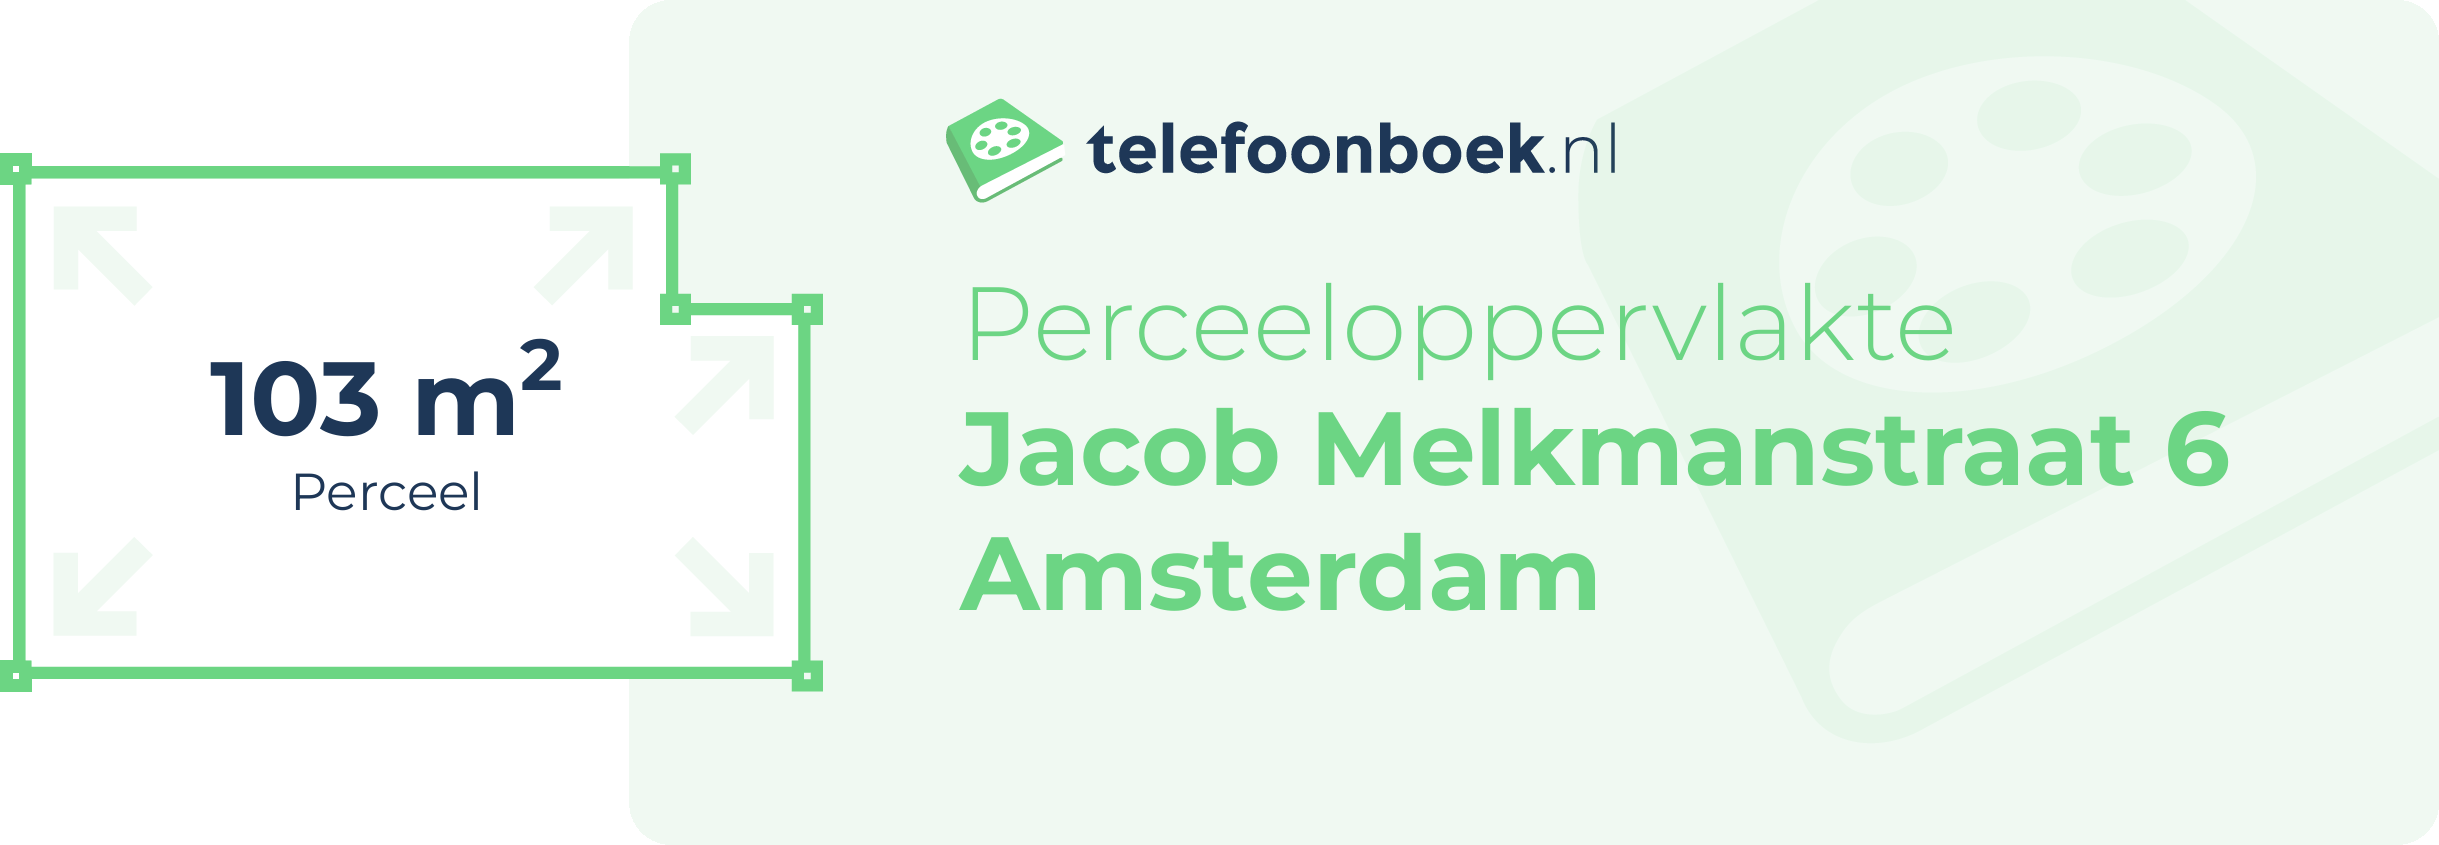 Perceeloppervlakte Jacob Melkmanstraat 6 Amsterdam
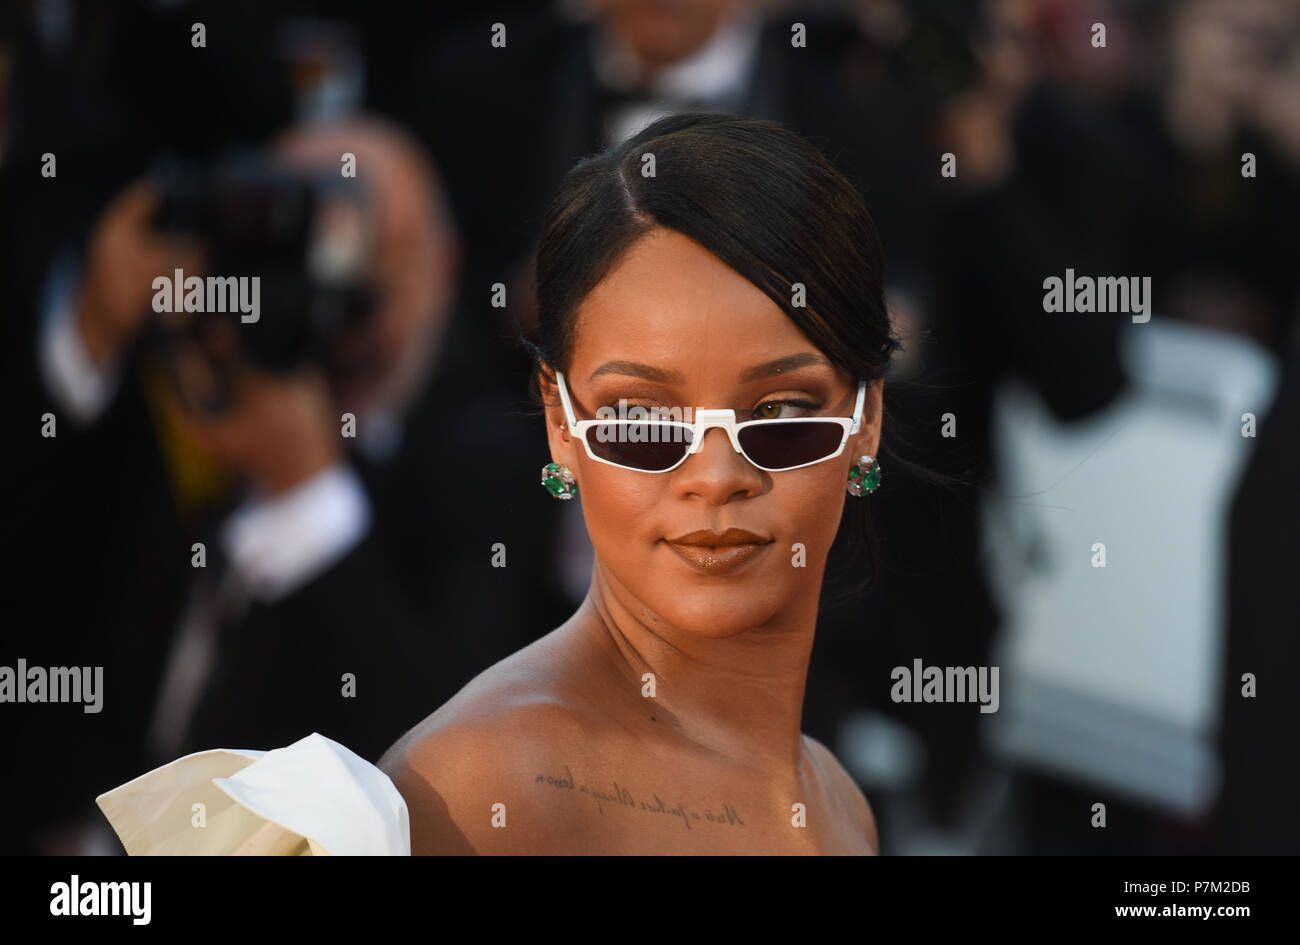 Mai 19, 2017 - Cannes, Frankreich: Rihanna besucht die 'Okja" Premiere während des 70. Filmfestival in Cannes. Rihanna lors du 70eme Festival de Cannes. *** Frankreich/KEINE VERKÄUFE IN DEN FRANZÖSISCHEN MEDIEN *** Stockfoto
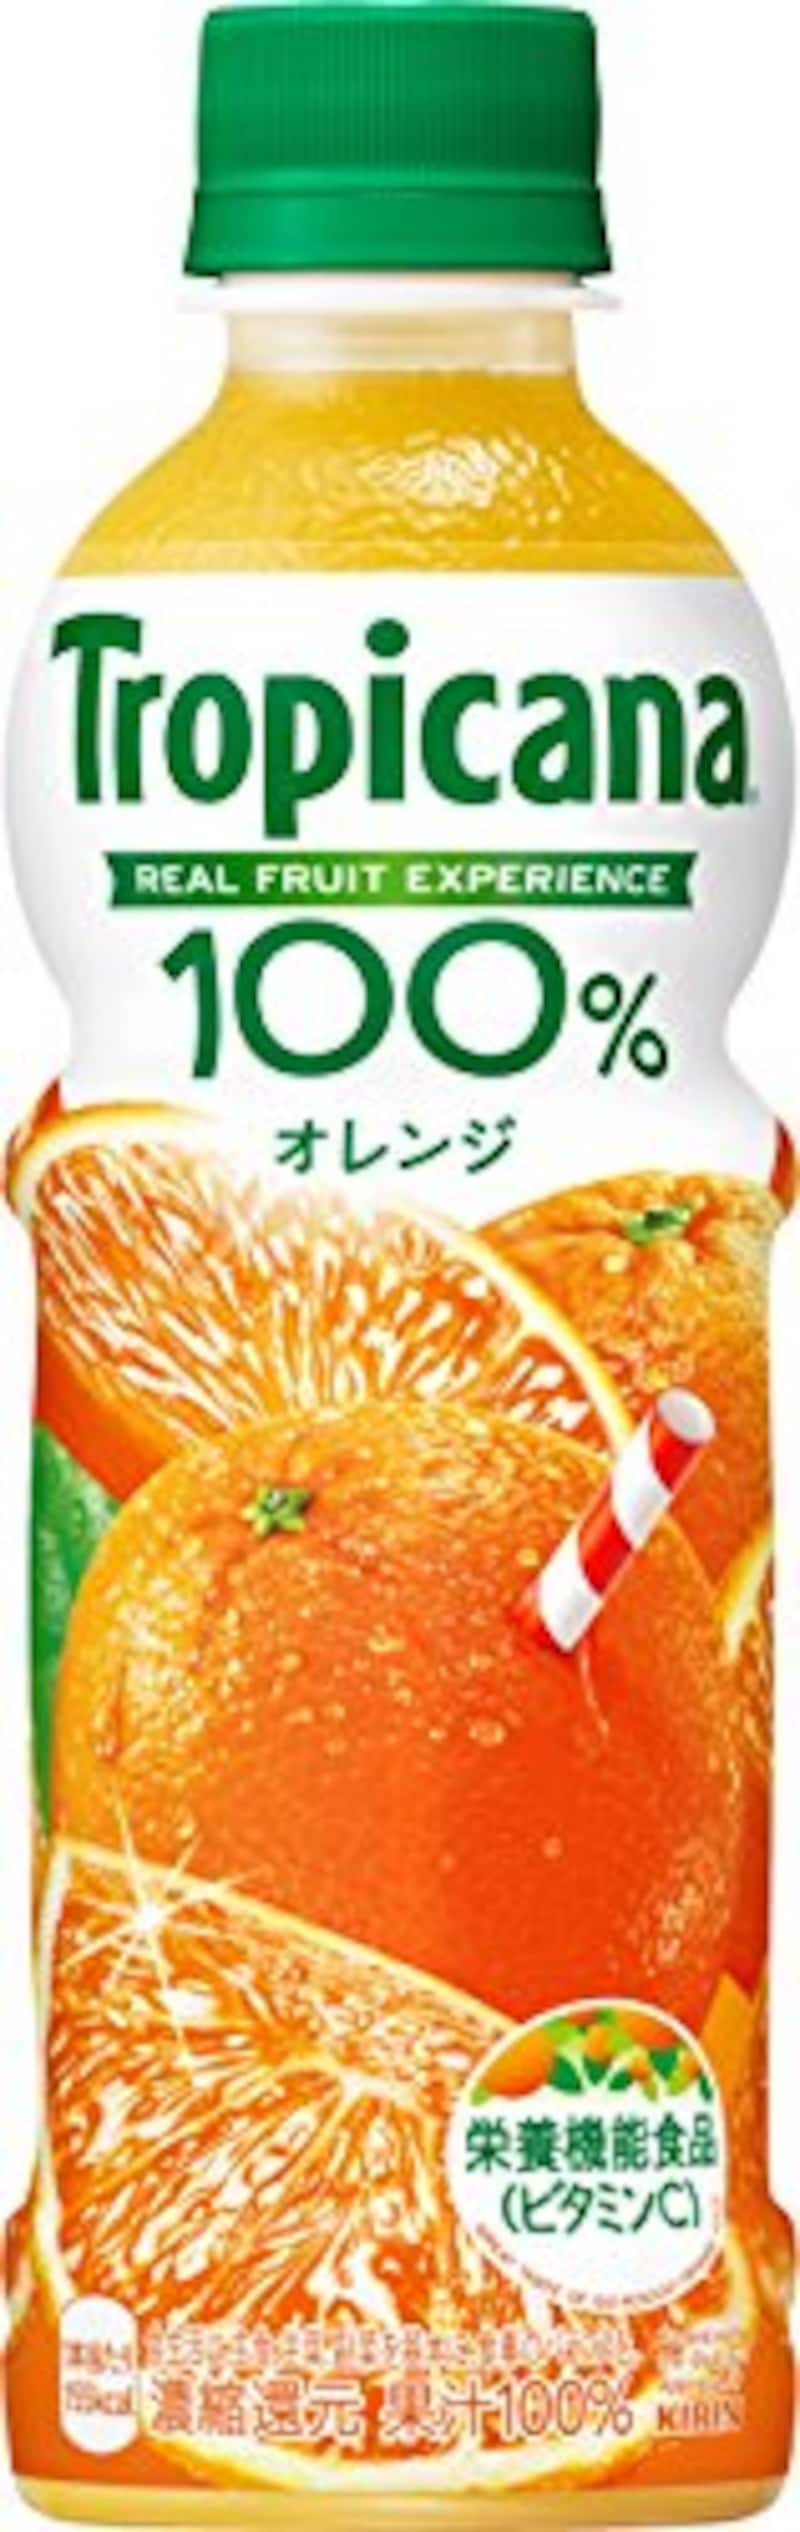 キリン,トロピカーナ 100%オレンジ

═══

▸ What to work on: Everything in the data except the pictures should be restated word for word.

▸ Output for this exercise:
 Perceeloppervlakte Jacob Melkmanstraat 6 Amsterdam
 Mai 19, 2017 - Cannes, Frankreich: Rihanna besucht die 'Okja" Premiere während des 70. Filmfestival in Cannes. Rihanna lors du 70eme Festival de Cannes. *** Frankreich/KEINE VERKÄUFE IN DEN FRANZÖSISCHEN MEDIEN *** Stockfoto
 キリン,トロピカーナ 100%オレンジ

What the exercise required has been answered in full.